Out of position injuries may be attributed in part to the fact that most airbag systems have been primarily designed for deployment in front of the torso of an occupant. More specifically, such airbags are disposed for deployment between the upper torso of an occupant and the windshield and instrument panel. During a front-end collision, there is a tendency for an occupant, particularly one who is not properly restrained by a seat belt, to slide forward across the seat. In some cases, the vehicle occupant may “submarine,” or slide off of the front of the seat and under the primary frontal airbag during impact. This may compromise the ability of the primary airbag to provide proper protection to the occupant.
In order to avoid danger of injury to occupants as a result of such poor positioning, knee bolster airbag systems have been developed. These airbags deploy during a collision event and engage an occupant's knees or lower legs. This holds the occupant in place on the seat, and improves the kinematics of the occupant.
Such knee bolster airbag systems, like many other airbag systems, often suffer from high cost and from engineering problems. Specifically, knee bolster airbags are difficult to design to be mounted in the tight spaces available under the steering column or dashboard in order to be properly positioned to contact a vehicle occupant's knees. Additionally, the airbags themselves must be treated with various coatings to protect the fabric of the airbag from the heat of the gas. Finally, in some specific applications, fabric airbags have proven very difficult to install.

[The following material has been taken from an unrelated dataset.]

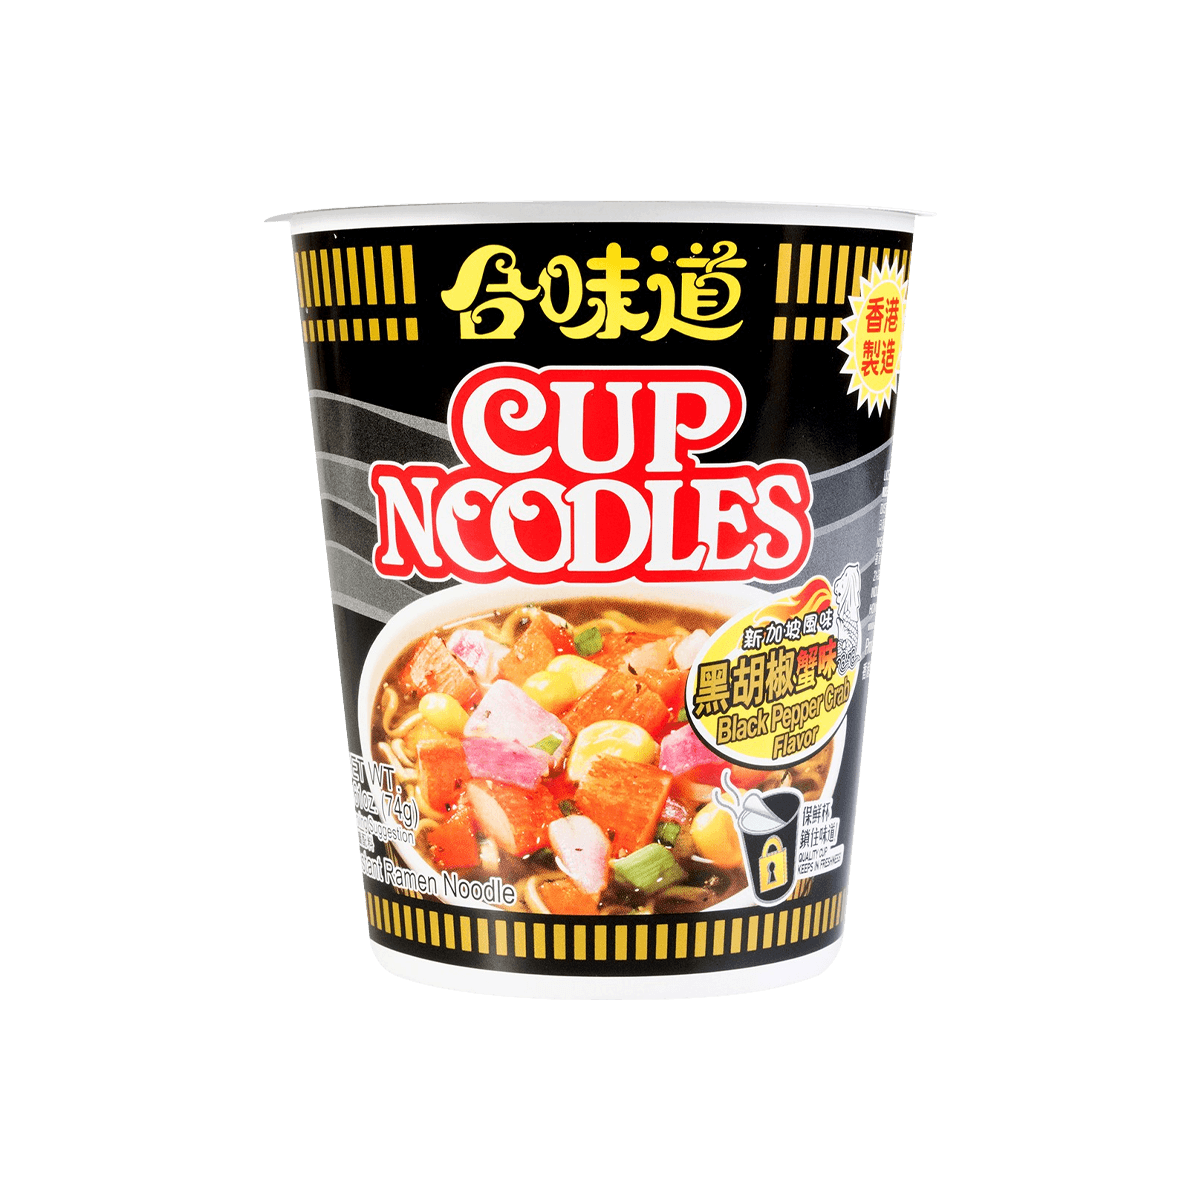 Cup Noodles Black Pepper Crab

In other types of collisions, airbags are positioned at the side of a vehicle occupant to cushion impacts with a lateral surface such as a door or other interior panel. These generally take the form of side-curtain airbags and side-positioned airbags designed to protect the head, torso, pelvis, or any combination of these and other body regions. These airbags must be designed to provide adequate support under high load conditions. Further, such airbags pose design difficulties because of the need to mount them such that they can easily deploy into the often narrow space between a vehicle occupant and the door or side panel of a vehicle.
Thus, it would be an advancement in the art to provide an inflatable bolster system to protect a vehicle occupant during collision events in a wide variety of situations. Specifically, it would be an advancement in the art to provide an inflatable bolster suitable for mounting in a vehicle under the steering column or dashboard; or in a door, side panel, or trim panel. It would also be an advancement in the art to provide an inflatable bolster including both metal and non-metal components. Additionally, it would be an advancement in the art to provide an airbag system using heat-damage-resistant components to allow the use of lower-cost pyrotechnic inflators. It would also be an advancement in the art to provide an inflatable bolster device using fewer components than the bolsters currently available. It would be a further advancement in the art to provide an inflatable bolster in which the bolster portion of may be configured to function as a decorative trim panel for the interior of a vehicle.
Such a device is disclosed and claimed herein.